Napoli, fidanzati travolti e uccisi: 10 anni. Il papà di Lucia: “Mi vergogno di essere italiano”

È stato condannato a 10 anni di carcere Dario Lenci, l’uomo di 35 anni che provocò un terrificante incidente la notte tra il 29 e il 30 settembre 2023 nel quartiere Fuorigrotta di Napoli, dove persero la vita due fidanzati di 20 e 23 anni, Lucia Morra Francesco Altamura. La coppia fu investita mentre viaggiava su uno scooter.

La sentenza è stata emessa dal gup di Napoli Lo Gozzo. L’imputato provocò la tragedia mentre era alla guida di una potente Audi sotto l’effetto di cocaina e alcol. La Procura di Napoli, al termine della sua requisitoria aveva chiesto il massimo della pena: 12 anni di reclusione. Il 35enne finì inizialmente in carcere e poi ai domiciliari dai quali però si allontanò costringendo il giudice a un aggravamento della misura cautelare.

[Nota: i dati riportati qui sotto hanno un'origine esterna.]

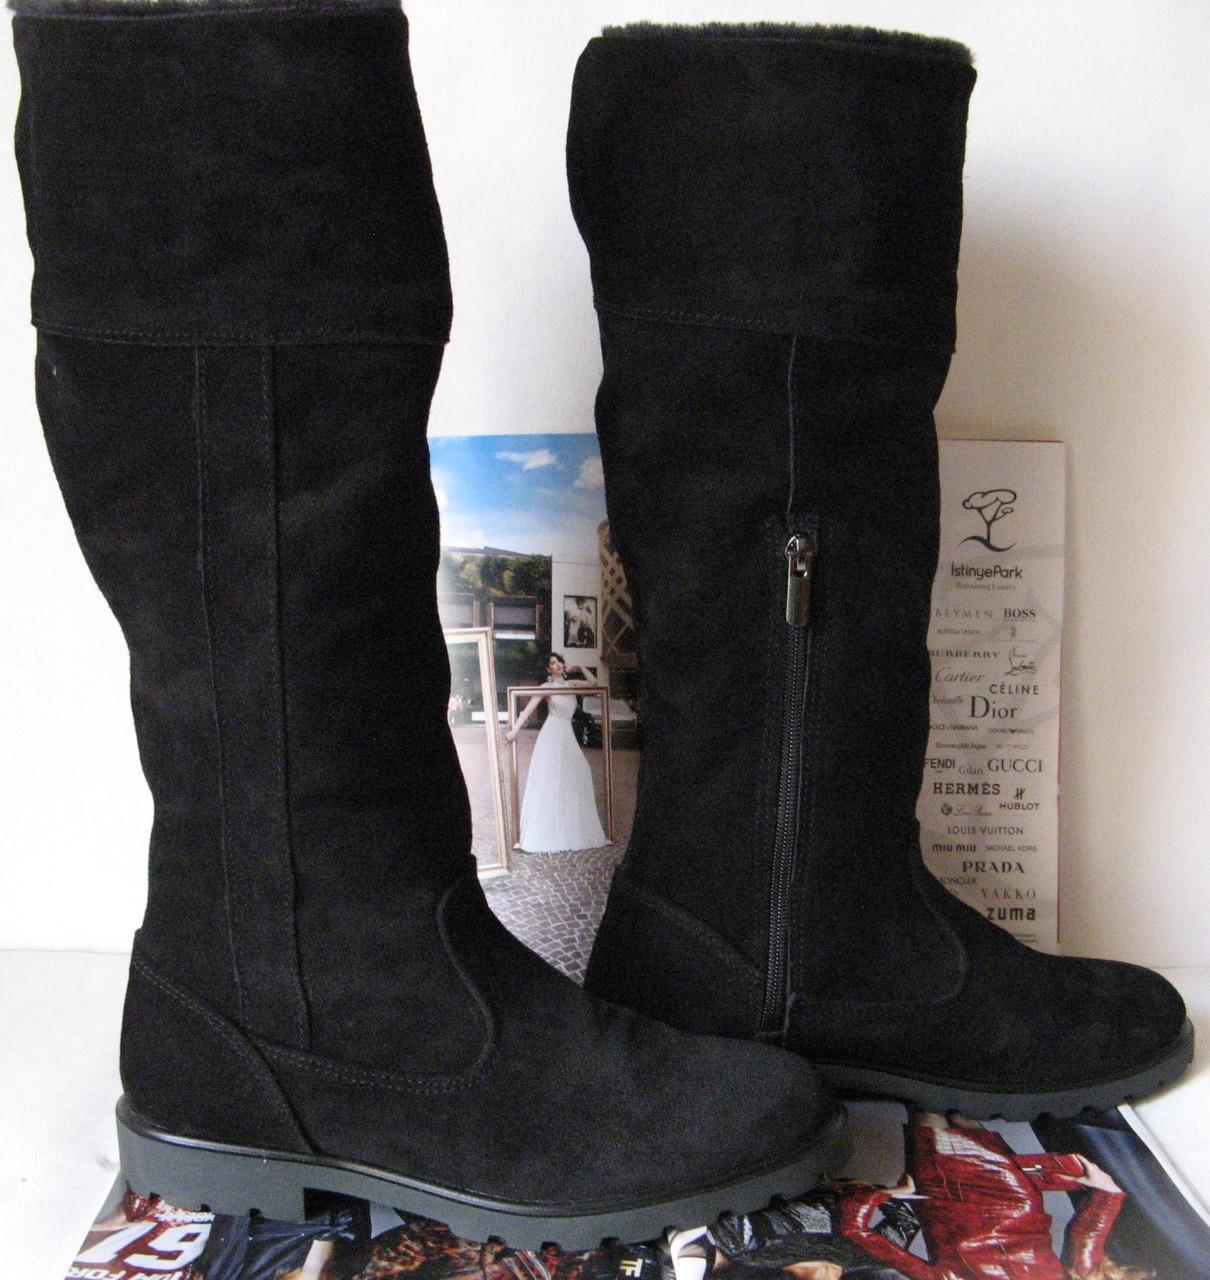 11c99156de81 Женские зимние высокие замшевые сапоги в стилеTimberland! мех ботинки  черные обувь теплая, ...

Oggi 11 giugno, prima dell’inizio della udienza, i parenti e gli amici delle due vittime hanno esposto uno striscione all’esterno del palazzo di giustizia di Napoli con le foto di Lucia e Francesco e la scritta: “Giustizia per Lucia e Kekko: vogliamo pena cerca ed esemplare”. Ma la sentenza purtroppo non li ha convinti. “Non sono soddisfatto, il giudice doveva dare il massimo, mi vergogno di essere italiano: solo 5 anni per ogni ragazzo ucciso. Ritengo che non siamo stati tutelati. Per me questa è una sentenza scandalosa, meritavano almeno 12 anni. Noi non abbiamo avuto alcuno sconto e non è giusto neppure che sia stato concesso il rito abbreviato a chi si è reso protagonista di un vero e proprio assassinio”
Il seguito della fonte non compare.